The purpose of this document is to provide technical details of how the proposed /wiki/spaces/PD/pages/2730721508 might be built.
Setup
To help us understand all of the technical challenges for this project we built a toy example data model. This data model was designed to capture all of the technical challenges while remaining as simple and small as we could make it.
The data model is composed of three main building blocks:
FILE_VIEW- This represents a Synapse file view that contains all of the files within the scope of the project. Each row represents a single file. The metadata about each file is captured in the columns of this table. These files represent the entire pool of files that the end user can draw from.
PARTICIPANTS - This represents a Synapse table that contains one row per participant.
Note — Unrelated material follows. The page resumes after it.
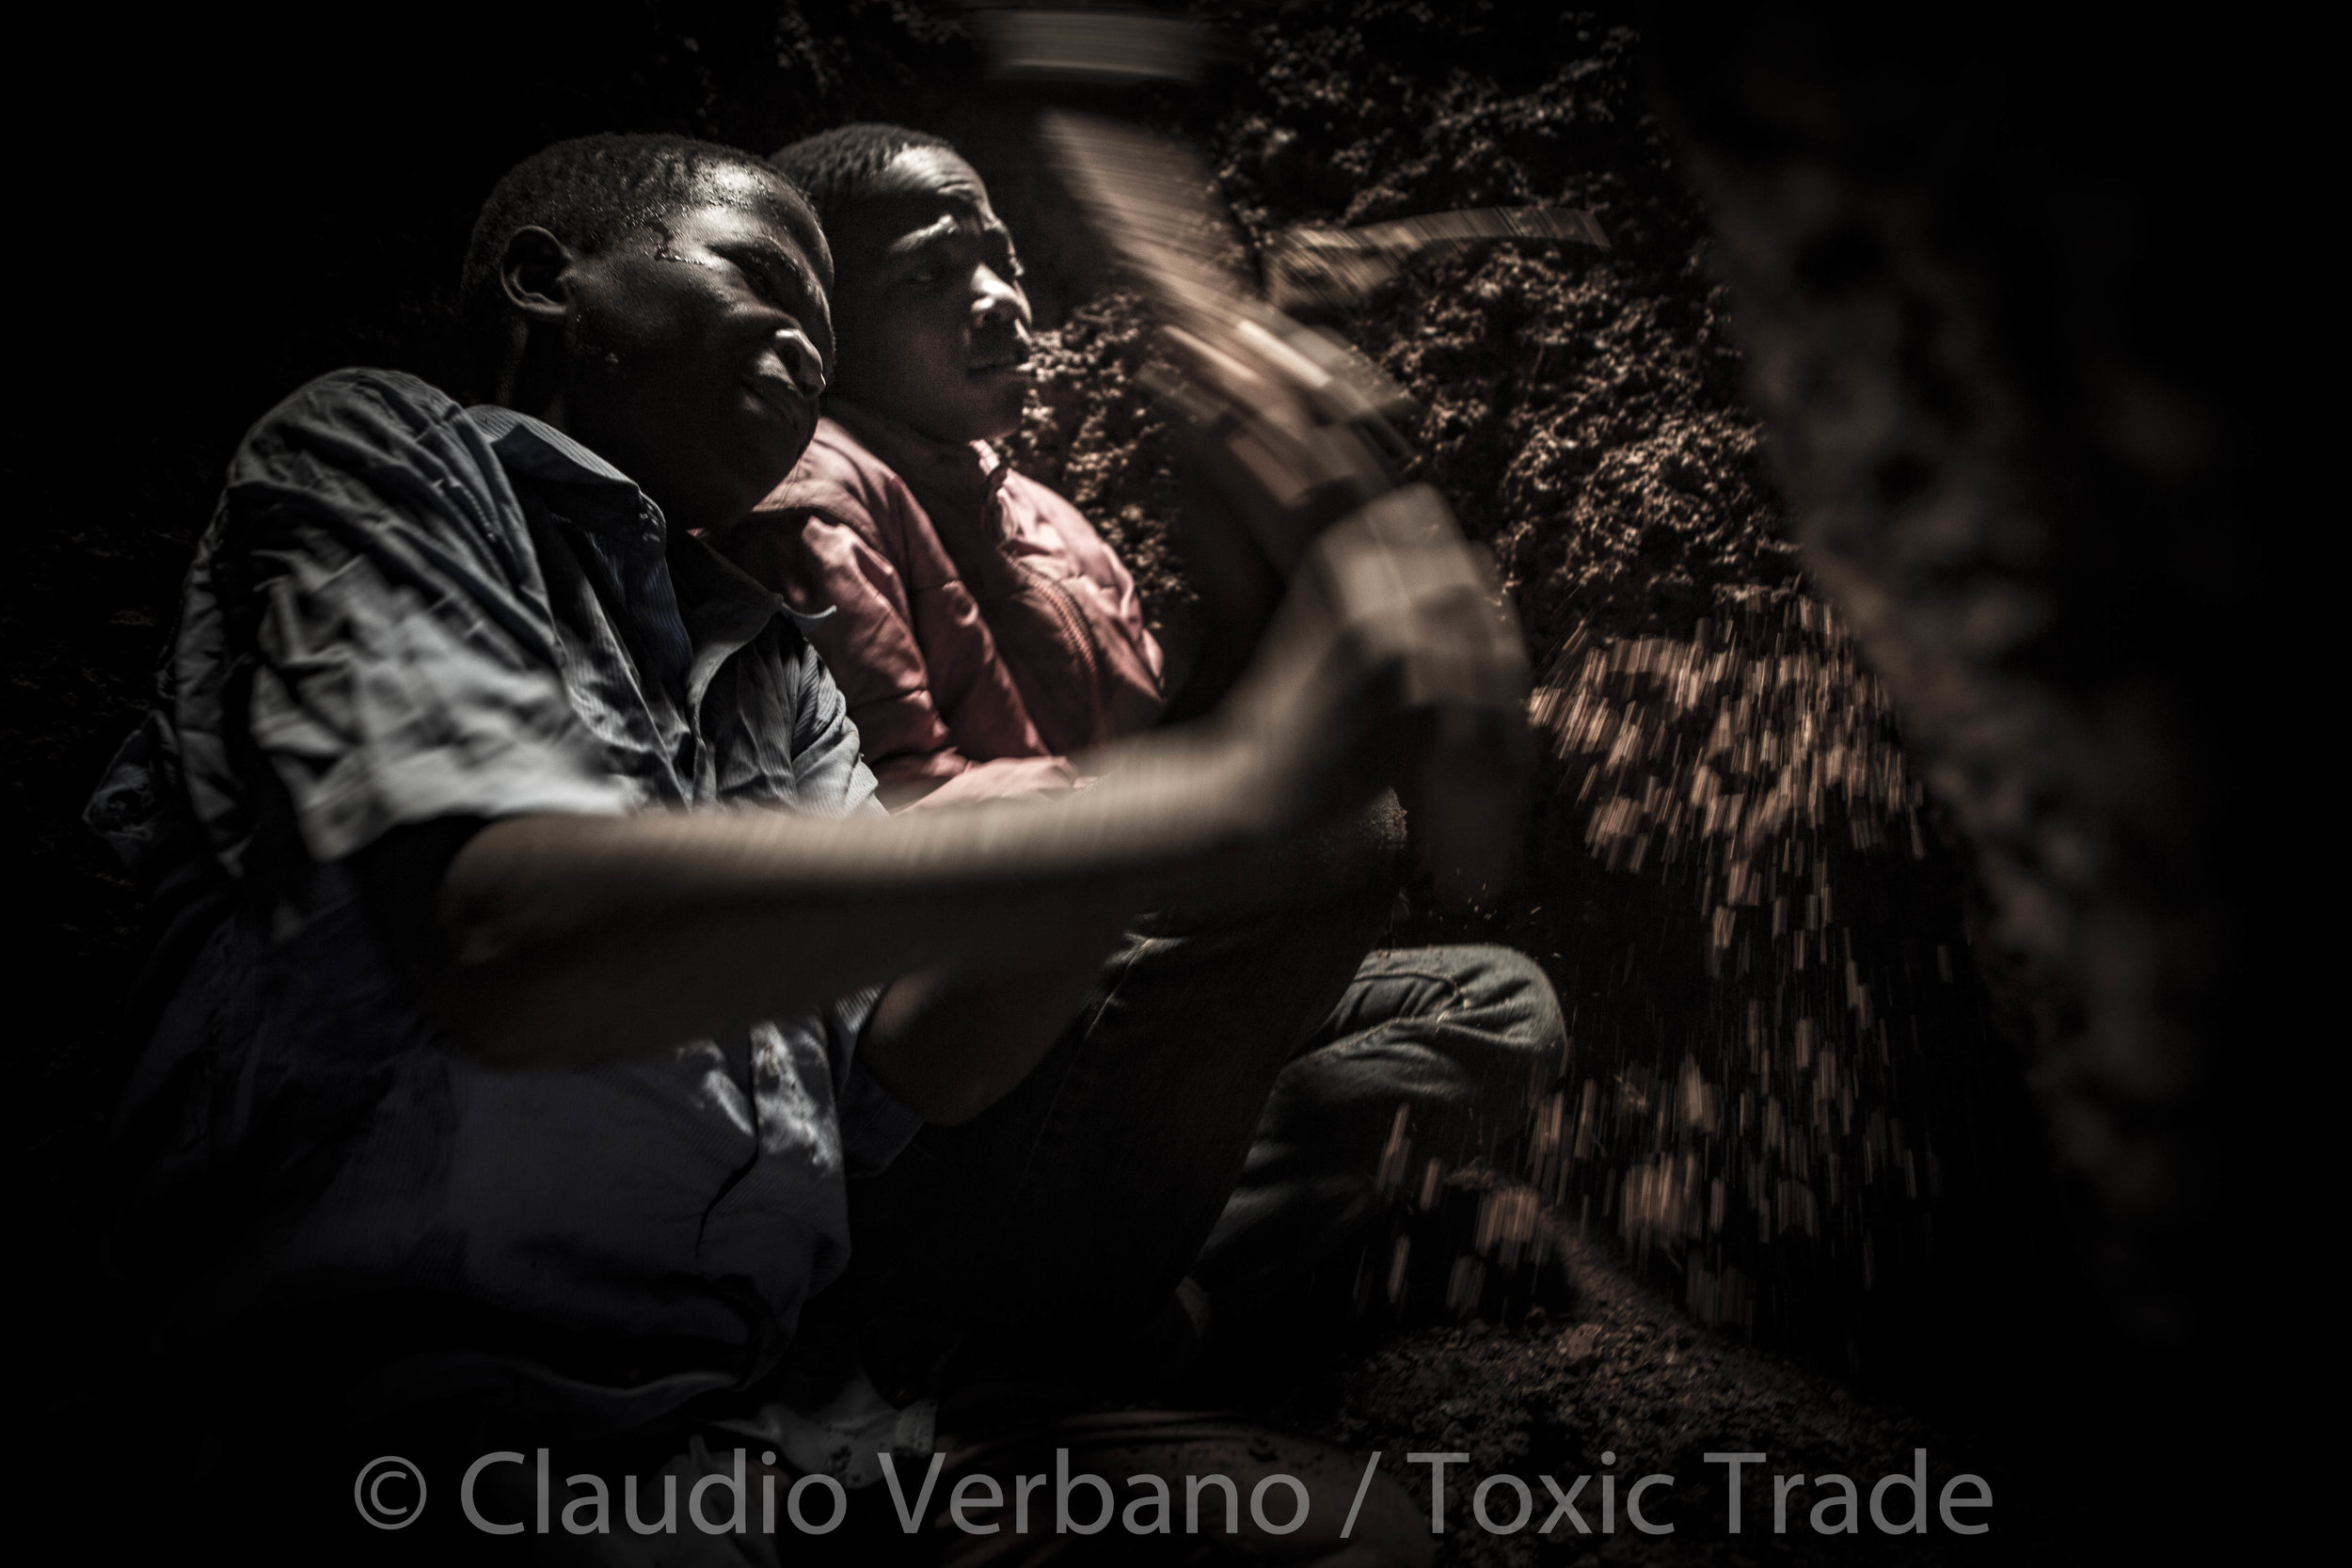 ClaudioVerbano_ToxicTrade_web_01.jpg

The metadata about each participant is captured in the columns of this table. These participants represent the entire pool of candidate participants that the end user can draw from.
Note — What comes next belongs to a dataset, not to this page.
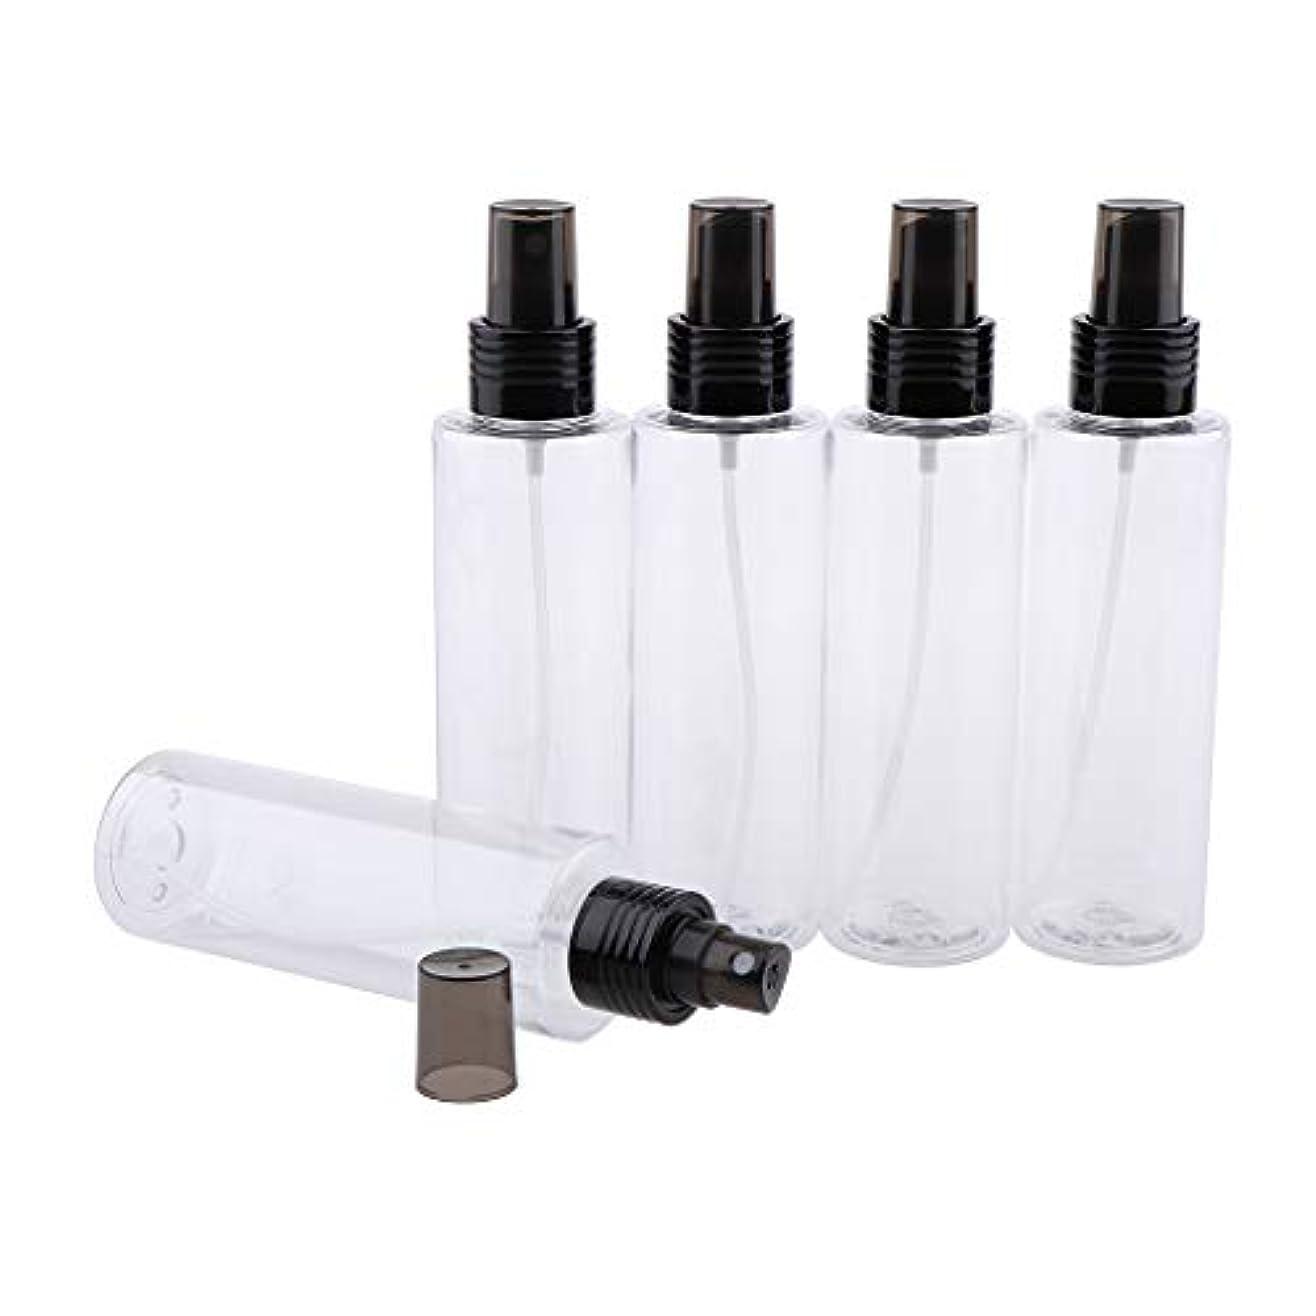 予算まさに故障中FutuHome 5ピース旅行ボトル空のクリアプラスチックファインミストスプレーボトル用クリーニング、旅行、精油、香水 - 150ML

FILE_TO_PART - This is a Synapse table that maps files to participant. In the real data a single participant might be mapped to thousands of files, and vise versa.
MATERIAL - This table represents a materialized view that de-normalized join of the proceeding three tables. It includes files that might not have any participants and vise versa. In the real world this table would be automatically index on all relevant columns. Note: A worst case for this table would be where each file is associated with each participant thereby resulting in a Cartesian product.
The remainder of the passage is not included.